Buchmeinung zu Eric Berg – »Rote Sonne«

»Rote Sonne« ist ein Kriminalroman von Eric Berg, der 2026 im Limes Verlag erschienen ist. Dies ist der zweite Band um den ehemaligen Kriminalinspektor Fabio »Flaco« Lozano.

Zum Autor:
Eric Berg ist das Pseudonym des deutschen Schriftstellers Eric Walz. Eric Walz, geboren 1966 im Taunus, lebt in Berlin und auf Gran Canaria.

Zum Inhalt:
Fabio »Flaco« Lozano arbeitet als Sicherheitschef einer Hotelkette. Als bei einer Feier im Hotel auf Fuerteventura eine Frau vergiftet wird, nimmt Flaco die Ermittlungen auf. Bei einem weiteren Anschlag kommen weitere Menschen zu Tode, darunter auch seine Chefin. Nun wird Flaco auf überraschende Weise gefordert.

Meine Meinung:
Den ersten Band der Reihe habe ich noch nicht gelesen, hatte aber keinerlei Probleme bei der Lektüre.
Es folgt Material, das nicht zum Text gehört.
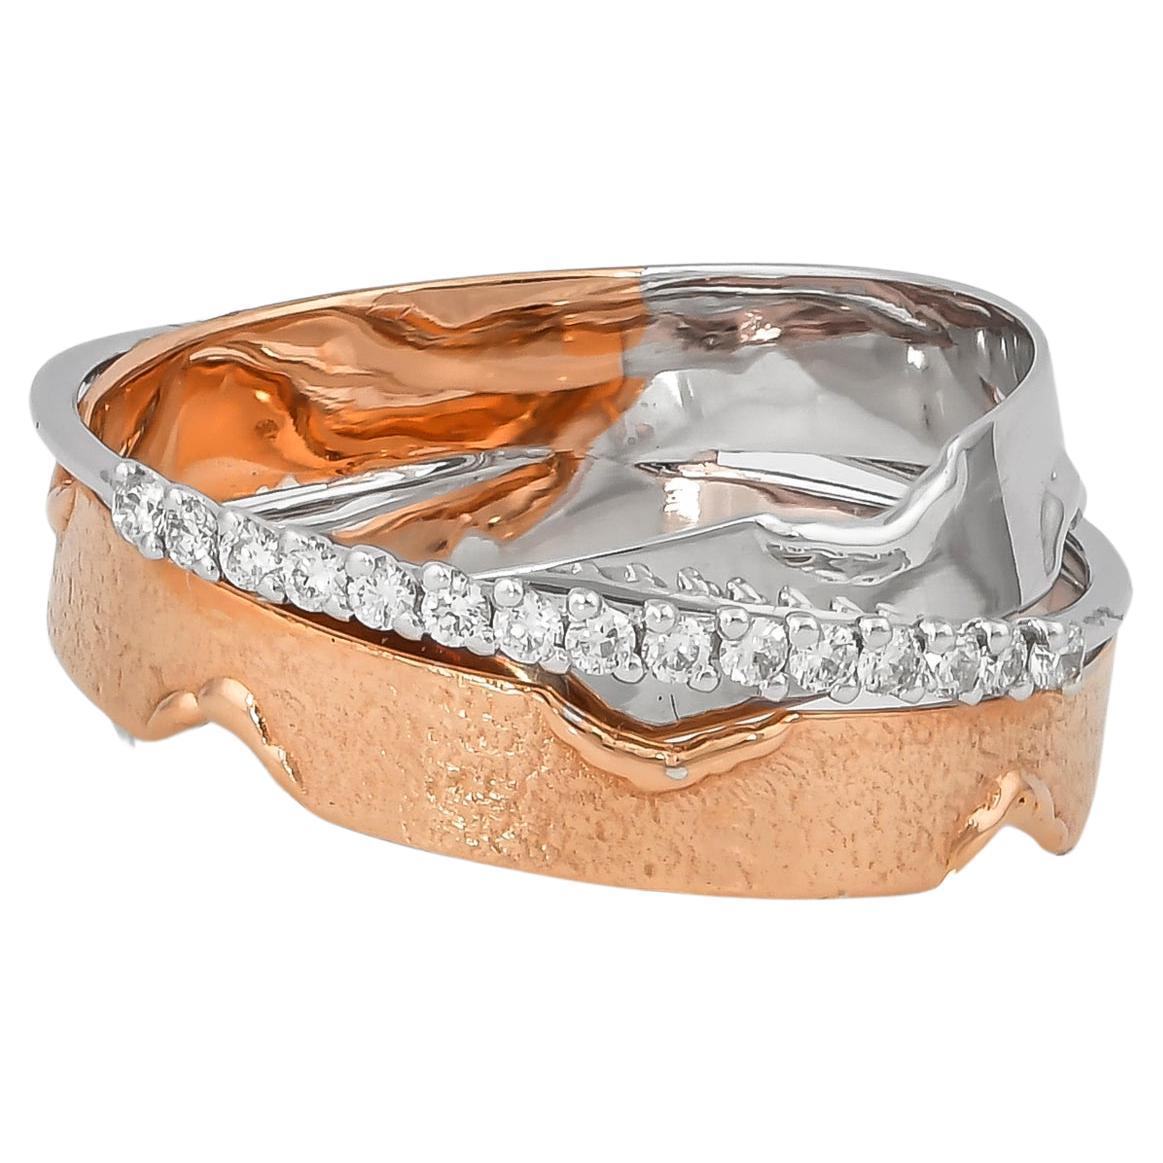 0.145 Carat Diamond Ring in 18 Karat White & Rose Gold

Auffallend ist der flapsige Ton des Ich-Erzählers Flaco Lozano, der trotzdem ernsthaft bei der Sache ist. Flaco ist mit dem leitenden Ermittler der Polizei seit Urzeiten befreundet und tauscht sich bei Bedarf mit ihm aus. Die Figuren sind meist interessant mit Ecken und Kanten gezeichnet. Die Handlung ist komplex und fordert vor allem psychisch einiges vom Detektiv. Er trifft auf Idole seiner Kindheit, die mittlerweile schwer vom Leben gekennzeichnet sind, auf Geheimdienstler und auf afrikanische Politiker im Exil, die an einem Umsturz arbeiten. Er schätzt seine Chefin, Donna Esmeralda, was auf Gegenseitigkeit beruht. Flaco mag sein Leben und wird im Tagesgeschäft von seiner Assistentin unterstützt. Er vertraut seinen Mitarbeitern und setzt auf sein Bauchgefühl und seine Intuition. Er wirkt sympathisch und kniet sich in die Ermittlungen rein. Es gibt etliche überraschende Wendungen und Spannung ist durchgängig vorhanden. Der Schreibstil ist atmosphärisch und macht Lust auf einen Urlaub auf den Kanaren. Am Ende steht ein etwas konstruiert wirkender Showdown, der eine nicht erwartete, aber überzeugende Lösung präsentiert.
Mich hat dieses Buch von Anfang an mitgenommen und sehr gut unterhalten. Insbesondere haben mich die Hauptfigur und der Erzählton überzeugt.

Fazit:
Ein Krimi von den Kanaren, der mich dank des flapsig wirkenden Erzähltons und der sympathischen Hauptfigur überzeugen konnte. Deshalb bewerte ich den Titel mit vier von fünf Sternen (80 von 100 Punkten) und spreche eine Leseempfehlung aus.